Sunitinib also inhibits CD117 (c-KIT),[13] the receptor tyrosine kinase that (when improperly activated by mutation) drives the majority of gastrointestinal stromal cell tumors.[14] It has been recommended as a second-line therapy for patients whose tumors develop mutations in c-KIT that make them resistant to imatinib, or who the cannot tolerate the drug.[15][16]

In addition, sunitinib binds other receptors.[2] These include:

The fact that sunitinib targets many different receptors, leads to many of its side effects such as the classic hand-foot syndrome, stomatitis, and other dermatologic toxicities.


The drug was discovered at SUGEN, a biotechnology company which pioneered protein kinase inhibitors. It was the third in a series of compounds including SU5416 and SU6668. The concept was of an ATP mimic that would compete with ATP for binding to the catalytic site of receptor tyrosine kinases. This concept led to the invention of many small-molecule tyrosine kinase inhibitors, including Gleevec, Sutent, Tarceva and many others. [citation needed]

Side effects[edit]

Sunitinib adverse events are considered somewhat manageable and the incidence of serious adverse events low.[5][9]

The most common adverse events associated with sunitinib therapy are fatigue, diarrhea, nausea, anorexia, hypertension, a yellow skin discoloration, hand-foot skin reaction, and stomatitis.[17] In the placebo-controlled Phase III GIST study, adverse events which occurred more often with sunitinib than placebo included diarrhea, anorexia, skin discoloration, mucositis/stomatitis, asthenia, altered taste, and constipation.[2][5]

Serious (grade 3 or 4) adverse events occur in ≤10% of patients and include hypertension, fatigue, asthenia, diarrhea, and chemotherapy-induced acral erythema. Lab abnormalities associated with sunitinib therapy include lipase, amylase, neutrophils, lymphocytes, and platelets. Hypothyroidism and reversible erythrocytosis have also been associated with sunitinib.[2][18]

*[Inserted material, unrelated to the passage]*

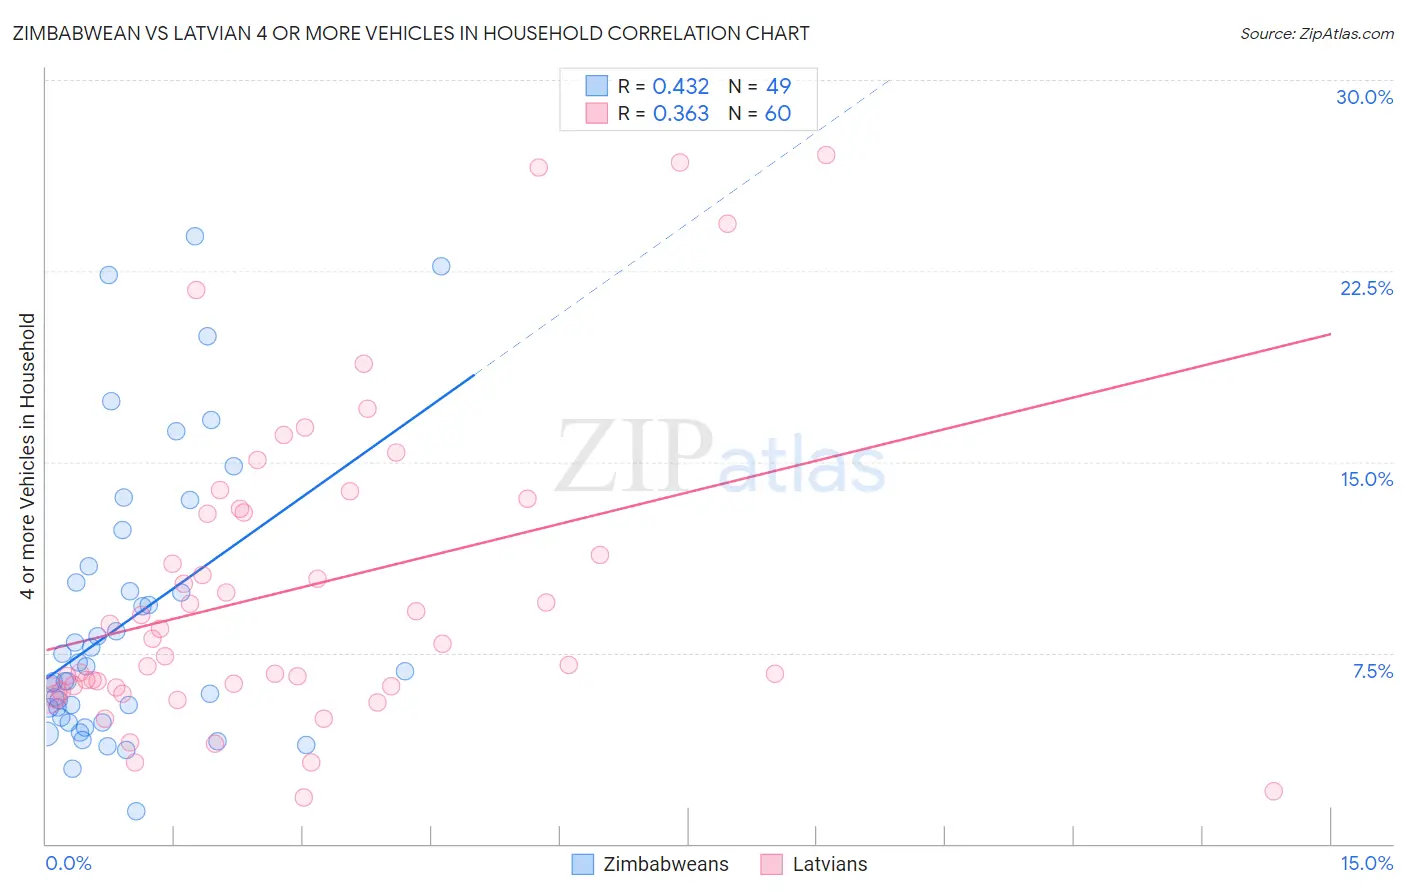 Zimbabwean vs Latvian 4 or more Vehicles in Household

A study done at MD Anderson Cancer Center compared the outcomes of metastatic renal cell cancer patients who received sunitinib on the standard schedule (50 mg/4 weeks on 2 weeks off) with those who received sunitinib with more frequent and short drug holidays (alternative schedule). It was seen that the overall survival, progression free survival and drug adherence were significantly higher in the patients who received Sunitinib on the alternative schedule. Patients also had a better tolerance and lower severity of adverse events which frequently lead to discontinuation of treatment of metastatic renal cell cancer patients.[19]

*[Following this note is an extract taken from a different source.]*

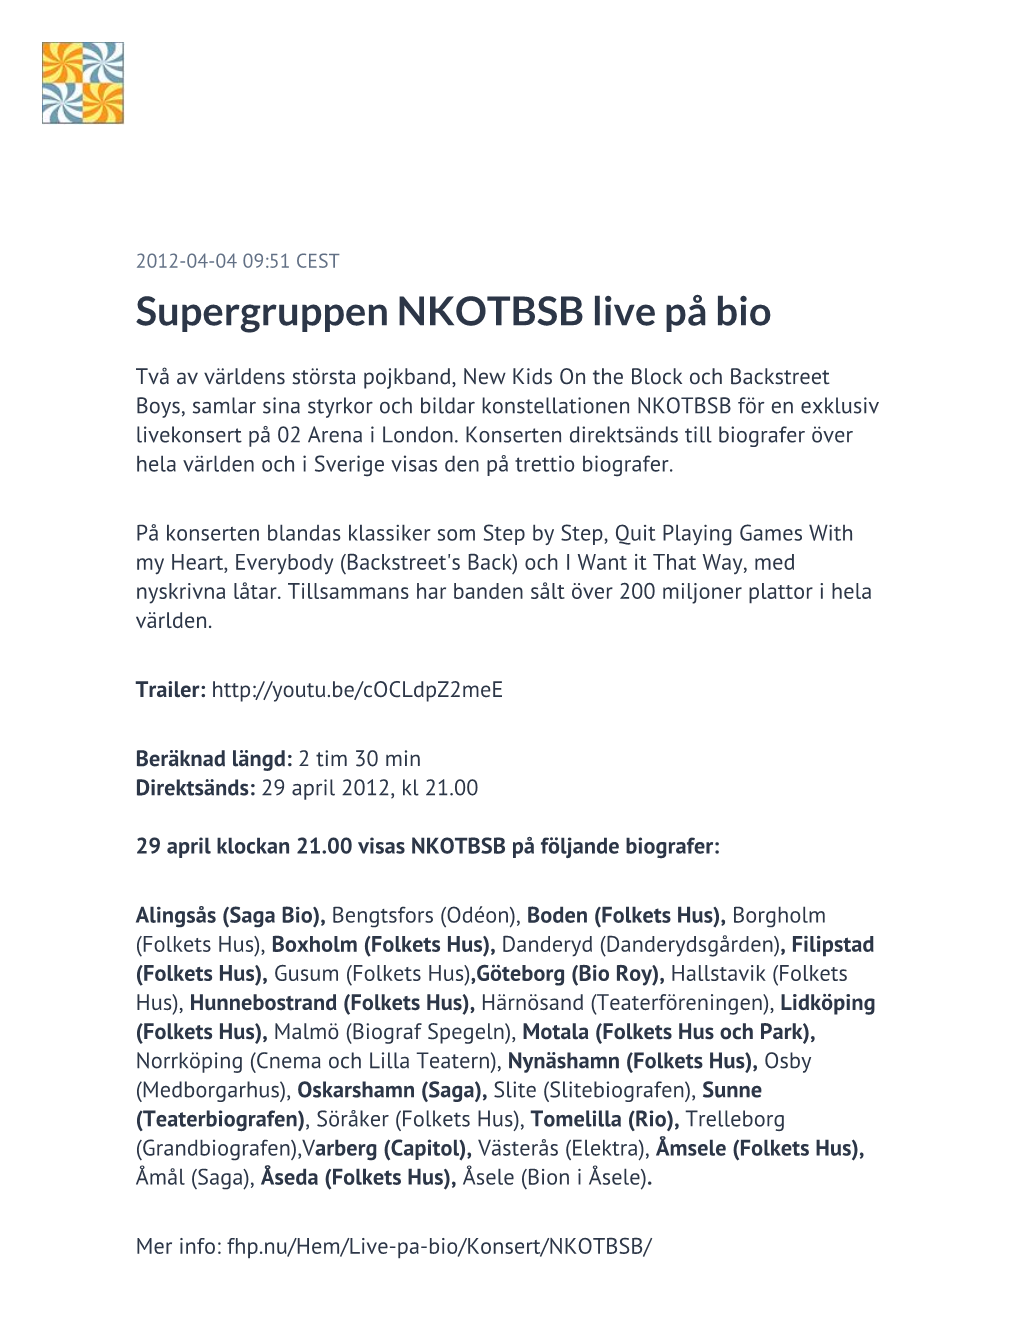 Supergruppen NKOTBSB Live På Bio

Epigallocatechin-3-gallate, a major constituent of green tea, may reduce the bioavailability of sunitinib when they are taken together.[20]

Society and culture[edit]


Sunitinib is marketed by Pfizer as Sutent, and was subject to patents and market exclusivity as a new chemical entity until 15 February 2021.[21][22] Sutent has been cited in financial news as a potential revenue source to replace royalties lost from Lipitor following the expiration of the latter drug's patent expiration in November 2011.[23][24] Sutent is one of the most expensive drugs widely marketed.[citation needed] Doctors and editorials have criticized the high cost for a drug that does not cure cancer, but only prolongs life.

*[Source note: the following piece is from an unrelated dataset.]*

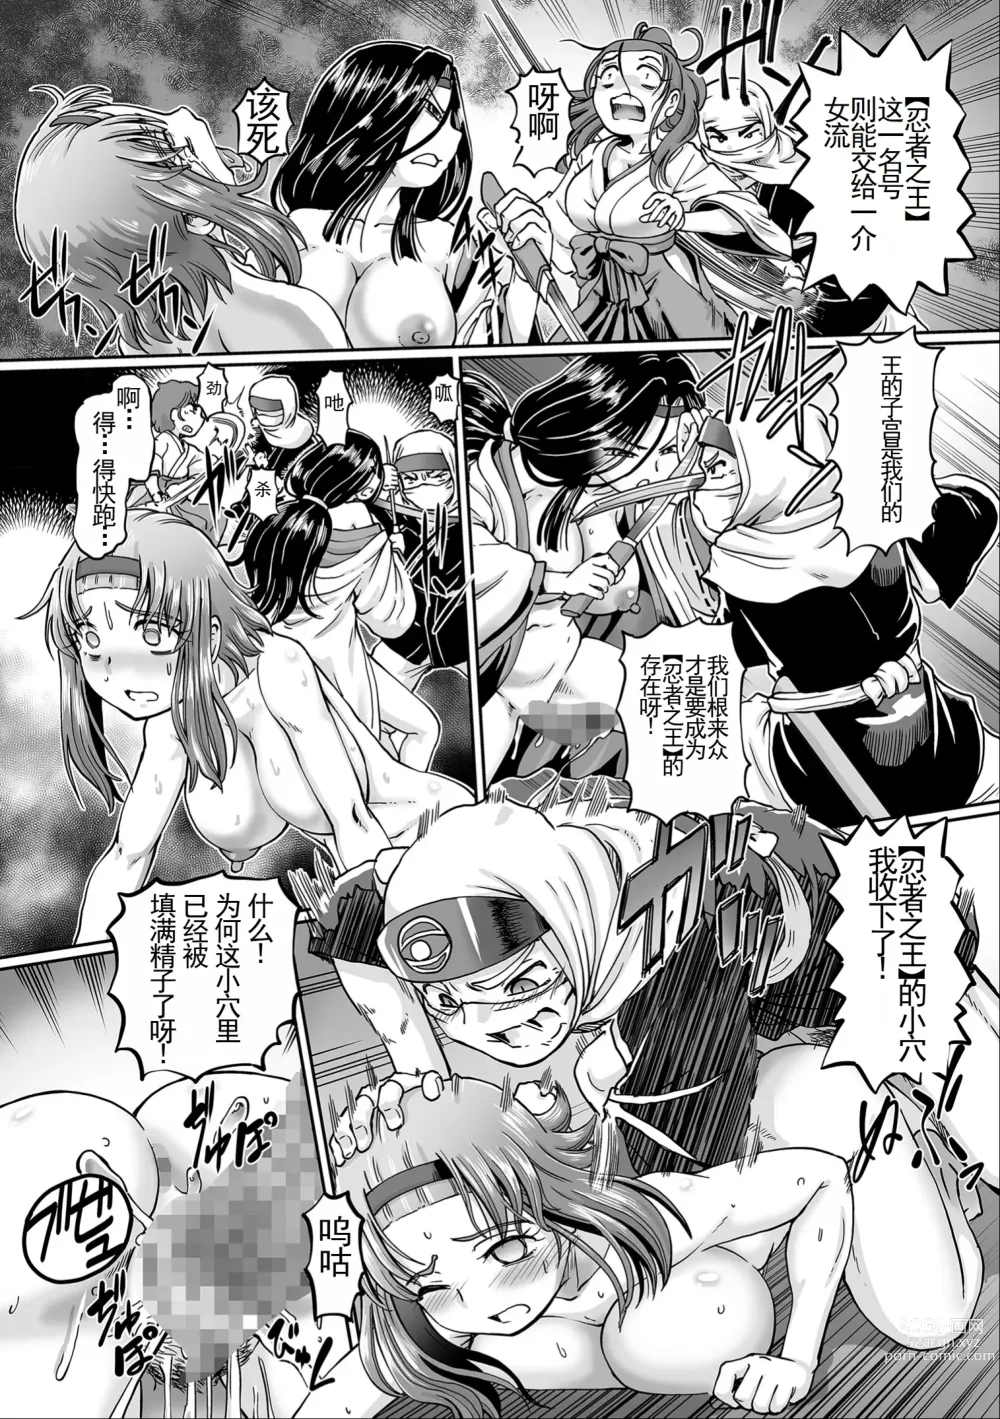 Page 187 of manga JK Ninja Marimo Ninpouchou

In the U.S., many insurance companies[which?] have refused to pay for all or part of the costs of Sutent. Because it is an oral therapy, the copay associated with this therapy can be very substantial. If a patient's secondary insurance does not cover this, the cost burden to the patient can be extreme. Particularly challenging is the Medicare Part D coverage gap. Patients have to spend thousands of dollars out-of-pocket during the gap in coverage. If this is done at the end of a calendar year, it has to be paid again at the beginning of the next calendar year, which may be burdensome financially.


In the UK, NICE refused (late 2008) to recommend sunitinib for late-stage renal cancer (kidney cancer) due to the high cost per QALY, estimated by NICE at £72,000/QALY and by Pfizer at £29,000/QALY.[25][26] This was overturned in February 2009 after pricing changes and public responses.[27] Therefore, sunitinib is recommended as a first-line treatment option for people with advanced and/or metastatic renal cell carcinoma who are suitable for immunotherapy and have an ECOG performance status of 0 or 1 (i.e. completely ambulatory).[28]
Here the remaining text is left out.